General information
- Type: Ultralight trike, bicycle and powered parachute
- National origin: Germany
- Manufacturer: Parazoom
- Status: In production (2013)

= Parazoom Trio-Star Delta =

German ultralight aircraft

The Parazoom Trio-Star Delta is a German ultralight trike, bicycle and powered parachute, designed and produced by Parazoom of Rheine. The aircraft is supplied as a complete ready-to-fly-aircraft.

==Design and development==
The Trio-Star was designed to comply with the Fédération Aéronautique Internationale microlight category, including the category's maximum gross weight of 450 kg. It features a Bautek Pico cable-braced hang glider-style high-wing, weight-shift controls, a single-seat open cockpit without a cockpit fairing, adjustable tricycle landing gear and a single engine in pusher configuration. It can also be equipped with a paraglider wing or ridden as a bicycle, with the appropriate options fitted.

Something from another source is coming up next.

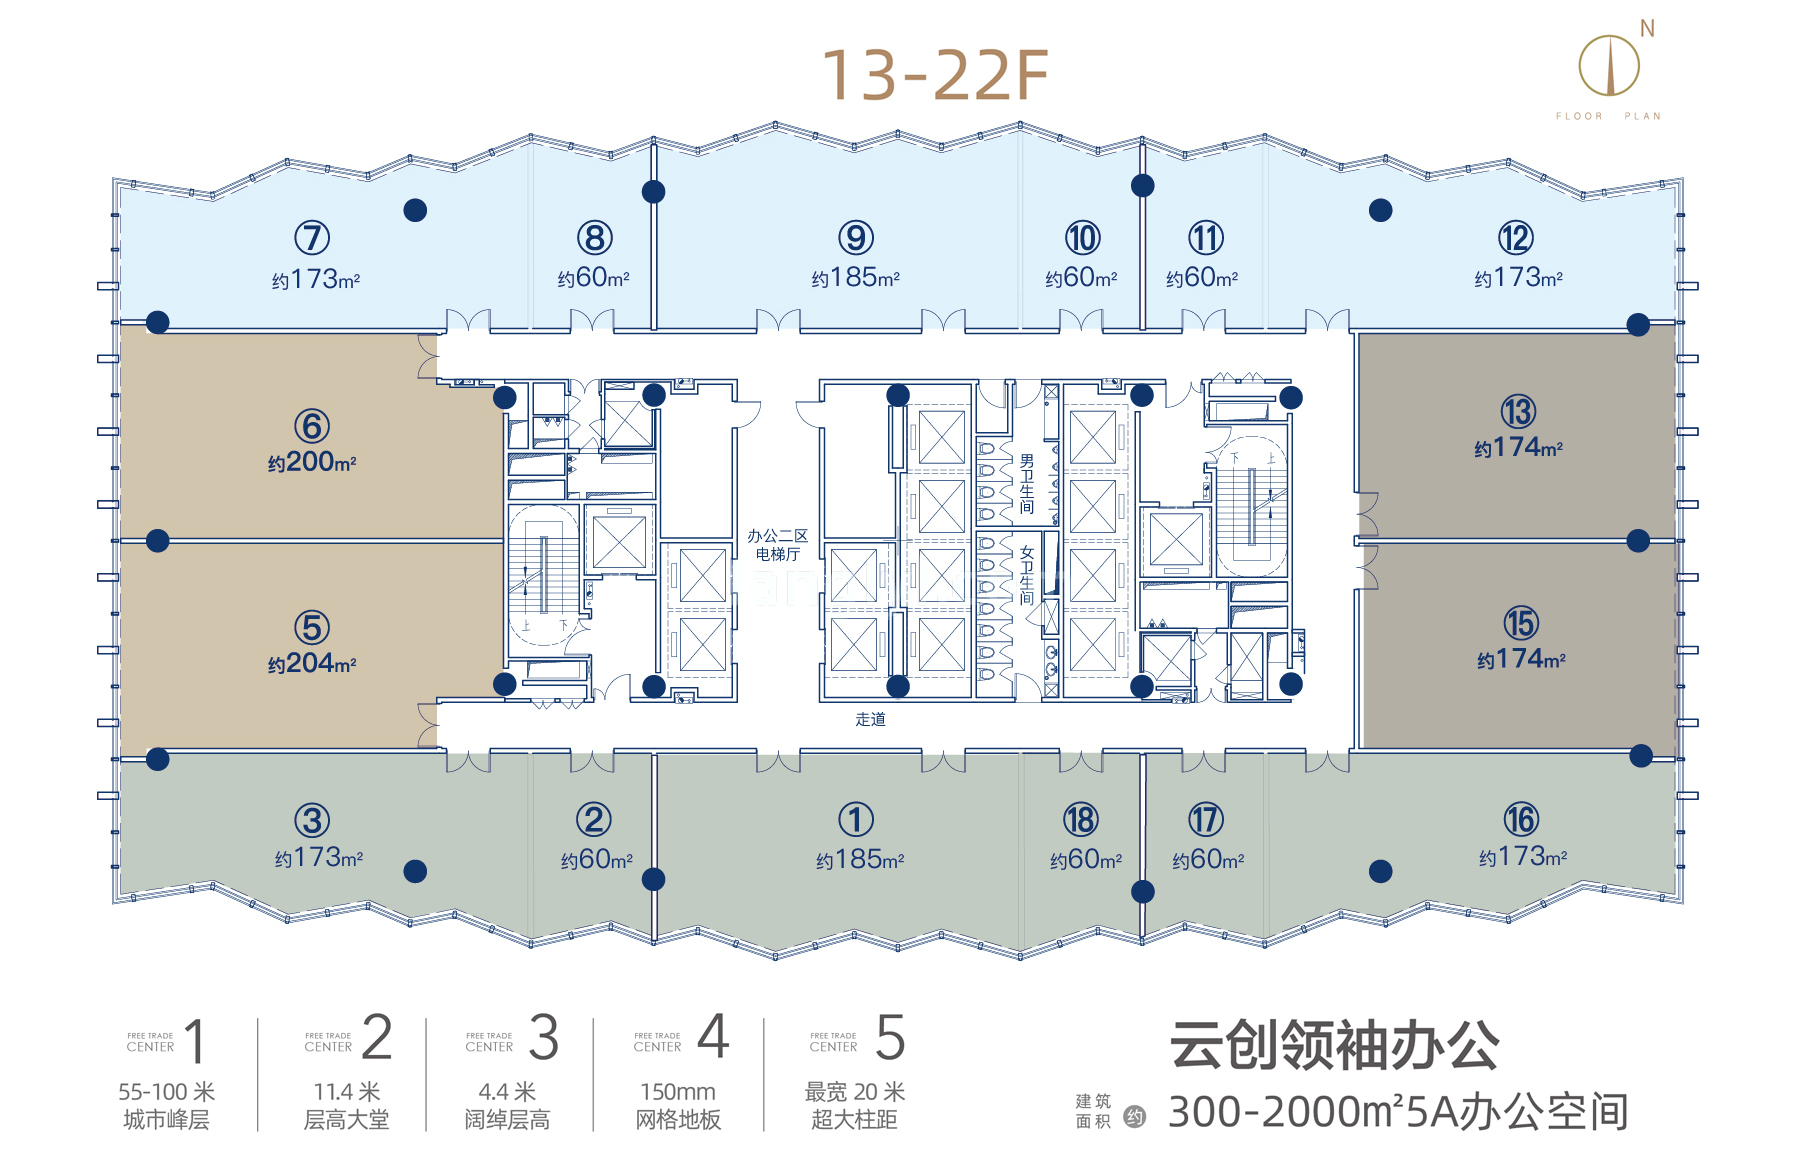 中交国际自贸中心 写字楼 13-22F云创领袖办公 建筑面积60-204㎡

The aircraft is made from welded steel tubing, in its "Delta" configuration it is fitting with a double surface hang glider wing covered in Dacron sailcloth. The 9.7 m span wing is supported by a single tube-type kingpost and uses an "A" frame weight-shift control bar. The powerplant is a V twin-cylinder, air-cooled, four-stroke 33 hp Briggs & Stratton Vanguard engine. The landing gear has an adjustable track width, depending on the application and wing used. The aircraft has an empty weight of 91 kg and carries a full fuel load of 15 L.